You've seen plenty of movies and TV shows where a person hyperventilates and is given a paper bag to breathe into. Can wood pulp actually help with hyperventilation? And why do so many doctors want the practice to stop?
The paper bag as a medical device features in everything from old Looney Toons cartoons to big budget movies (albeit mostly romantic comedies). Why are people who start hyperventilating given someone's lunch bag to breathe into? That won't give them the oxygen they need.
And the people do need oxygen. There isn't enough of it getting to their tissues. Unfortunately, hyperventilation isn't going to help. Breathing with too much rapidity is one of those unfortunate responses that seems to short-circuit the body's survival instincts. A person who is hyperventilating has plenty of oxygen in their blood, but it isn't making it to where it needs to go. Blood doesn't just carry oxygen, it carries carbon dioxide, and it needs to carry carbon dioxide. The body responds to the amount of carbon dioxide in the blood. Too little carbon dioxide causes two things to happen. First, there is vasoconstriction, the narrowing of the blood vessels, which chokes off a blood supply to the extremities of the body.
Secondly, there is the matter of blood pH. As it carbon dioxide levels go up, the pH of blood goes down towards the acid end of the pH scale. This stimulates the hemoglobin to release oxygen into the tissues. As carbon dioxide levels go down - as they do when the person hyperventilates - blood pH heads up towards the base end of the scale. This causes the hemoglobin to hang on to its oxygen. So even when blood gets through constricted vessels, it can't deliver as much oxygen to tissues.

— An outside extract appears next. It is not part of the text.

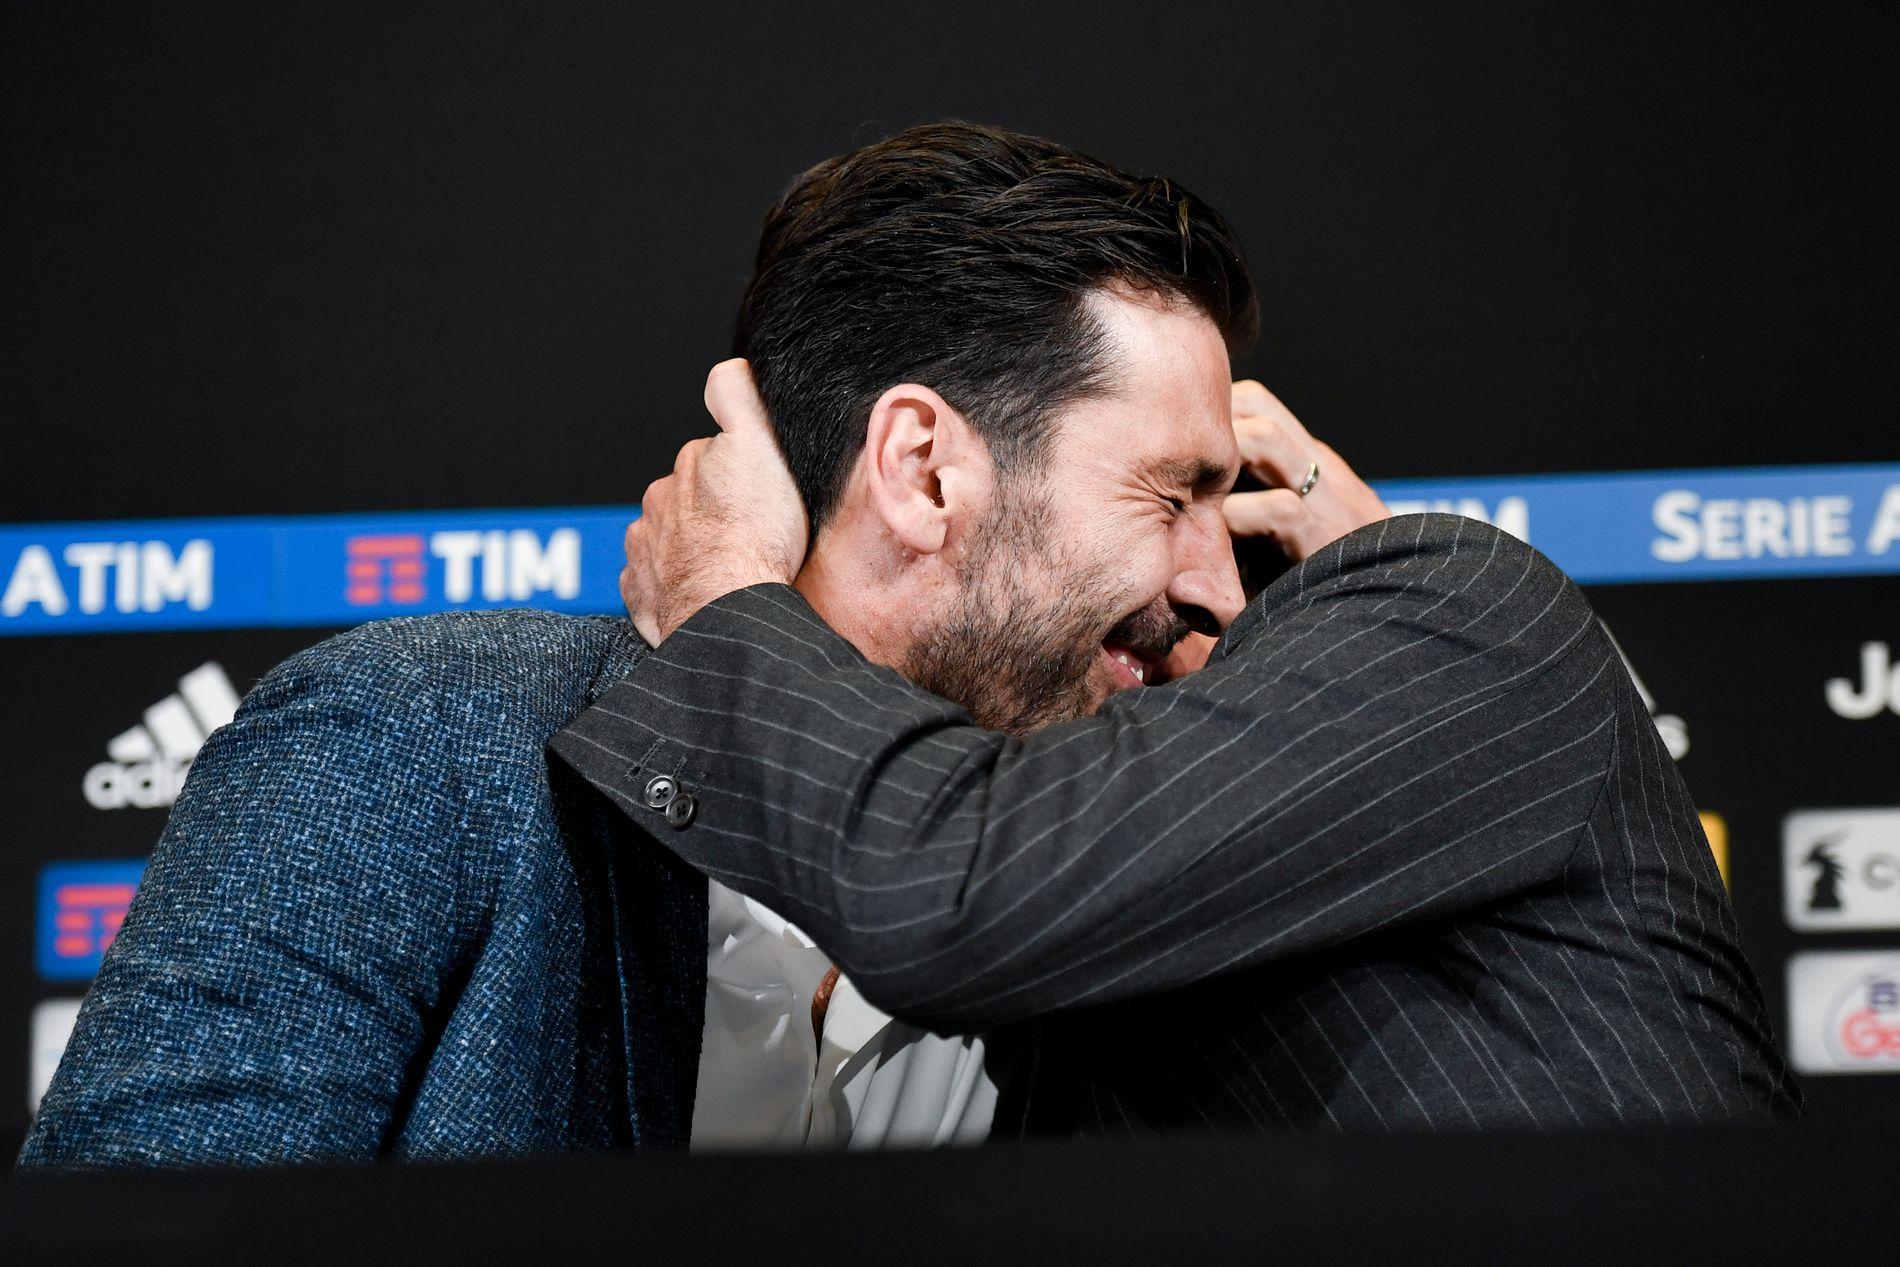 GOD KLEM: Gianluigi Buffon og Andrea Agnelli under torsdagens pressekonferanse.

The person feels like they're smothering, which they are, and hyperventilates in an attempt to get more oxygen. This decreases the carbon dioxide in their blood even more, and exacerbates the problem. The best way to stop it is to shove a barrier between the sufferer and the open air. By forcing them to rebreathe their exhaled carbon dioxide, it's possible to increase carbon dioxide levels in their blood, and deliver more oxygen to tissues. The paper bag, low-tech as it is, actually does help.

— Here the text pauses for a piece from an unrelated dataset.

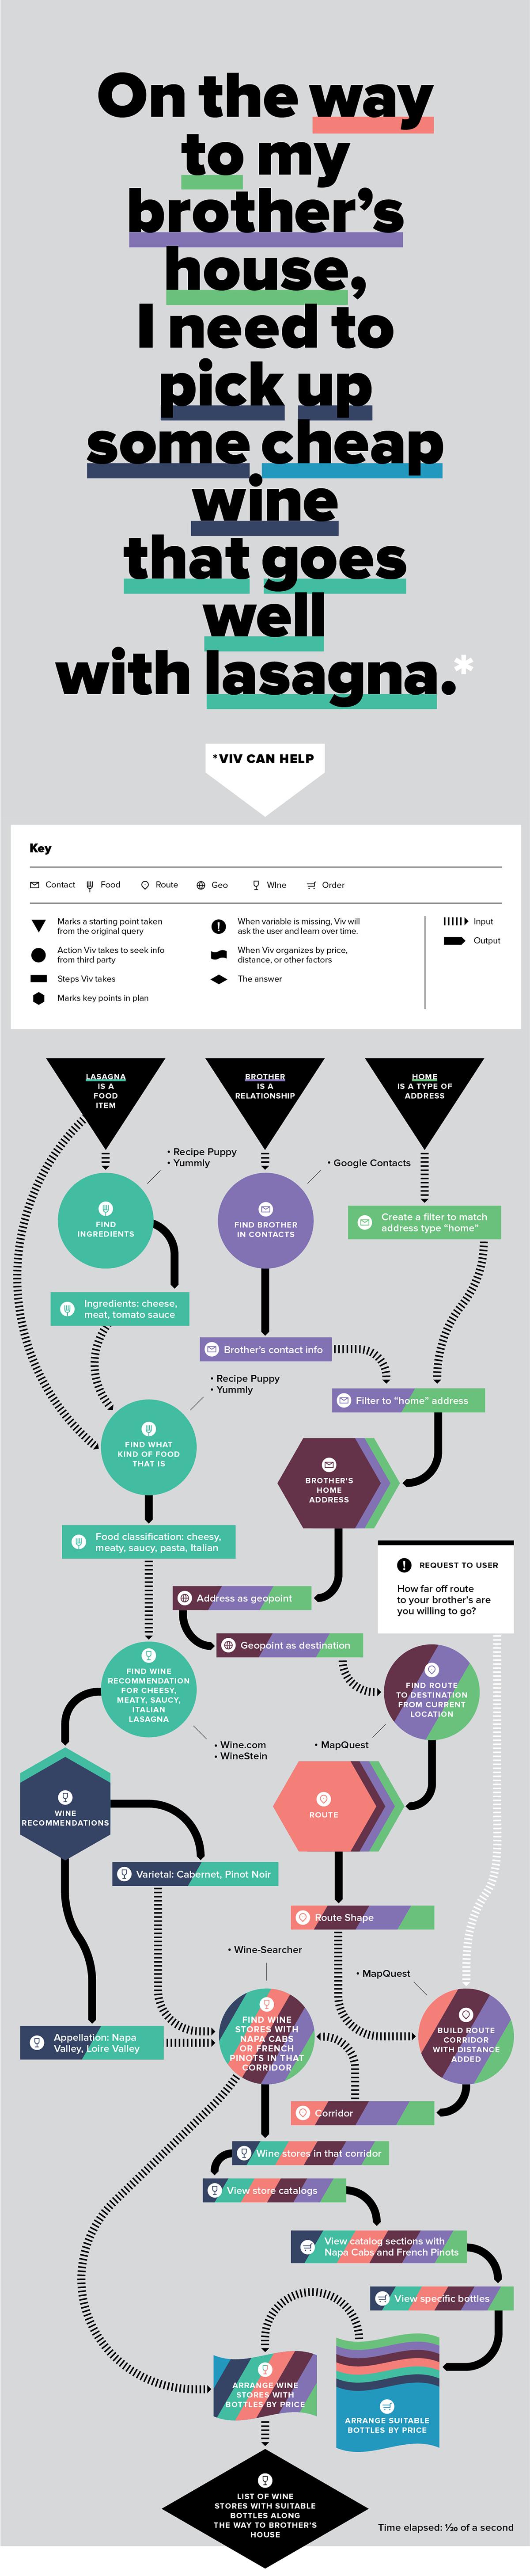 Samsung acquires Viv Labs- How Viv Works

Many doctors, however, are asking that people stop using it. It's not that it's ineffective in treating pure hyperventilation. The problem is, a lot of things trigger hyperventilation. While someone who is panicking can be helped by upping the level of carbon dioxide in their blood, someone who is having a heart attack, or an asthma attack, might be killed by an increase of carbon dioxide. Without knowing the exact cause of the hyperventilation, it can be dangerous to treat it. Perhaps it's better just to hyperventilate for a while — and call a doctor if it doesn't stop.